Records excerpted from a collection
▽

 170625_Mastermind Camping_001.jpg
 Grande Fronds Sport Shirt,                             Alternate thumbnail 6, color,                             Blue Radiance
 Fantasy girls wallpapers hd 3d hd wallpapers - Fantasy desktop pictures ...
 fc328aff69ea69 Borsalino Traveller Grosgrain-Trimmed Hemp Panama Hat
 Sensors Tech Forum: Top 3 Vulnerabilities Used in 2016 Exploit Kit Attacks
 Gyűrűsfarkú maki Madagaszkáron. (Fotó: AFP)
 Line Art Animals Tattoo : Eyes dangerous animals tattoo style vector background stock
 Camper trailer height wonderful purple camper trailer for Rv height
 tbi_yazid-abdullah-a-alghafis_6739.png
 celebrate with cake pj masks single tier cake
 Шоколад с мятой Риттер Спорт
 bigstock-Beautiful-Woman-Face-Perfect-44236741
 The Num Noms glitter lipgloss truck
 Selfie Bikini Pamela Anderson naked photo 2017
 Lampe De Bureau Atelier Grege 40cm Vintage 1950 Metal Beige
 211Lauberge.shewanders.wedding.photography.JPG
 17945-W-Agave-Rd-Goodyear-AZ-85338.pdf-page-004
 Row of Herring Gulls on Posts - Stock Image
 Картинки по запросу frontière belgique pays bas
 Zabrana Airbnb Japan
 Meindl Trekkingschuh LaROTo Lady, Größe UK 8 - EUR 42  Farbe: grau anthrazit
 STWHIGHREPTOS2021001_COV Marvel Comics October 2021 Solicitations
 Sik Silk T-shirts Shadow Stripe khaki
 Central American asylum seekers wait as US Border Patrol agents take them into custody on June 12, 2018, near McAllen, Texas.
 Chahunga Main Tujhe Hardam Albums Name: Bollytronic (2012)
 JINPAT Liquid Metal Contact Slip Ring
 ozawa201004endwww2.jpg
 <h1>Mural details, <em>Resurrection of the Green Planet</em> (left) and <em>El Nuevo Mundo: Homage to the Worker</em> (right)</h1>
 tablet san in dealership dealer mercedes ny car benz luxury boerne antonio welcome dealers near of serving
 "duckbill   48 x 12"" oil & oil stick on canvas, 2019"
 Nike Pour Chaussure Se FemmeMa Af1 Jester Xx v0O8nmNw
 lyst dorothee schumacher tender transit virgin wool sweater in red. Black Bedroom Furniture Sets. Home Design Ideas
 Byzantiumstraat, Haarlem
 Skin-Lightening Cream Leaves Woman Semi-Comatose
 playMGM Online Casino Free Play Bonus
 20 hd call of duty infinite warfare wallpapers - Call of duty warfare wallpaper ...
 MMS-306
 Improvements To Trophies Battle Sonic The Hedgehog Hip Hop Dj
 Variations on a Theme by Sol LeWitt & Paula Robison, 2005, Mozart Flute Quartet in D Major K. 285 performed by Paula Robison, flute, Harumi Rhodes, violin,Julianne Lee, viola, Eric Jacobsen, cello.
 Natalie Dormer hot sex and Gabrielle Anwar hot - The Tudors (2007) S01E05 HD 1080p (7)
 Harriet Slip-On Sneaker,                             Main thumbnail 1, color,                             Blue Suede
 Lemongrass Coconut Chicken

△

* [Goal of the exercise] Copy out all of the data. Keep every word unchanged.

* [Problem solution]
 170625_Mastermind Camping_001.jpg
 Grande Fronds Sport Shirt,                             Alternate thumbnail 6, color,                             Blue Radiance
 Fantasy girls wallpapers hd 3d hd wallpapers - Fantasy desktop pictures ...
 fc328aff69ea69 Borsalino Traveller Grosgrain-Trimmed Hemp Panama Hat
 Sensors Tech Forum: Top 3 Vulnerabilities Used in 2016 Exploit Kit Attacks
 Gyűrűsfarkú maki Madagaszkáron. (Fotó: AFP)
 Line Art Animals Tattoo : Eyes dangerous animals tattoo style vector background stock
 Camper trailer height wonderful purple camper trailer for Rv height
 tbi_yazid-abdullah-a-alghafis_6739.png
 celebrate with cake pj masks single tier cake
 Шоколад с мятой Риттер Спорт
 bigstock-Beautiful-Woman-Face-Perfect-44236741
 The Num Noms glitter lipgloss truck
 Selfie Bikini Pamela Anderson naked photo 2017
 Lampe De Bureau Atelier Grege 40cm Vintage 1950 Metal Beige
 211Lauberge.shewanders.wedding.photography.JPG
 17945-W-Agave-Rd-Goodyear-AZ-85338.pdf-page-004
 Row of Herring Gulls on Posts - Stock Image
 Картинки по запросу frontière belgique pays bas
 Zabrana Airbnb Japan
 Meindl Trekkingschuh LaROTo Lady, Größe UK 8 - EUR 42  Farbe: grau anthrazit
 STWHIGHREPTOS2021001_COV Marvel Comics October 2021 Solicitations
 Sik Silk T-shirts Shadow Stripe khaki
 Central American asylum seekers wait as US Border Patrol agents take them into custody on June 12, 2018, near McAllen, Texas.
 Chahunga Main Tujhe Hardam Albums Name: Bollytronic (2012)
 JINPAT Liquid Metal Contact Slip Ring
 ozawa201004endwww2.jpg
 <h1>Mural details, <em>Resurrection of the Green Planet</em> (left) and <em>El Nuevo Mundo: Homage to the Worker</em> (right)</h1>
 tablet san in dealership dealer mercedes ny car benz luxury boerne antonio welcome dealers near of serving
 "duckbill   48 x 12"" oil & oil stick on canvas, 2019"
 Nike Pour Chaussure Se FemmeMa Af1 Jester Xx v0O8nmNw
 lyst dorothee schumacher tender transit virgin wool sweater in red. Black Bedroom Furniture Sets. Home Design Ideas
 Byzantiumstraat, Haarlem
 Skin-Lightening Cream Leaves Woman Semi-Comatose
 playMGM Online Casino Free Play Bonus
 20 hd call of duty infinite warfare wallpapers - Call of duty warfare wallpaper ...
 MMS-306
 Improvements To Trophies Battle Sonic The Hedgehog Hip Hop Dj
 Variations on a Theme by Sol LeWitt & Paula Robison, 2005, Mozart Flute Quartet in D Major K. 285 performed by Paula Robison, flute, Harumi Rhodes, violin,Julianne Lee, viola, Eric Jacobsen, cello.
 Natalie Dormer hot sex and Gabrielle Anwar hot - The Tudors (2007) S01E05 HD 1080p (7)
 Harriet Slip-On Sneaker,                             Main thumbnail 1, color,                             Blue Suede
 Lemongrass Coconut Chicken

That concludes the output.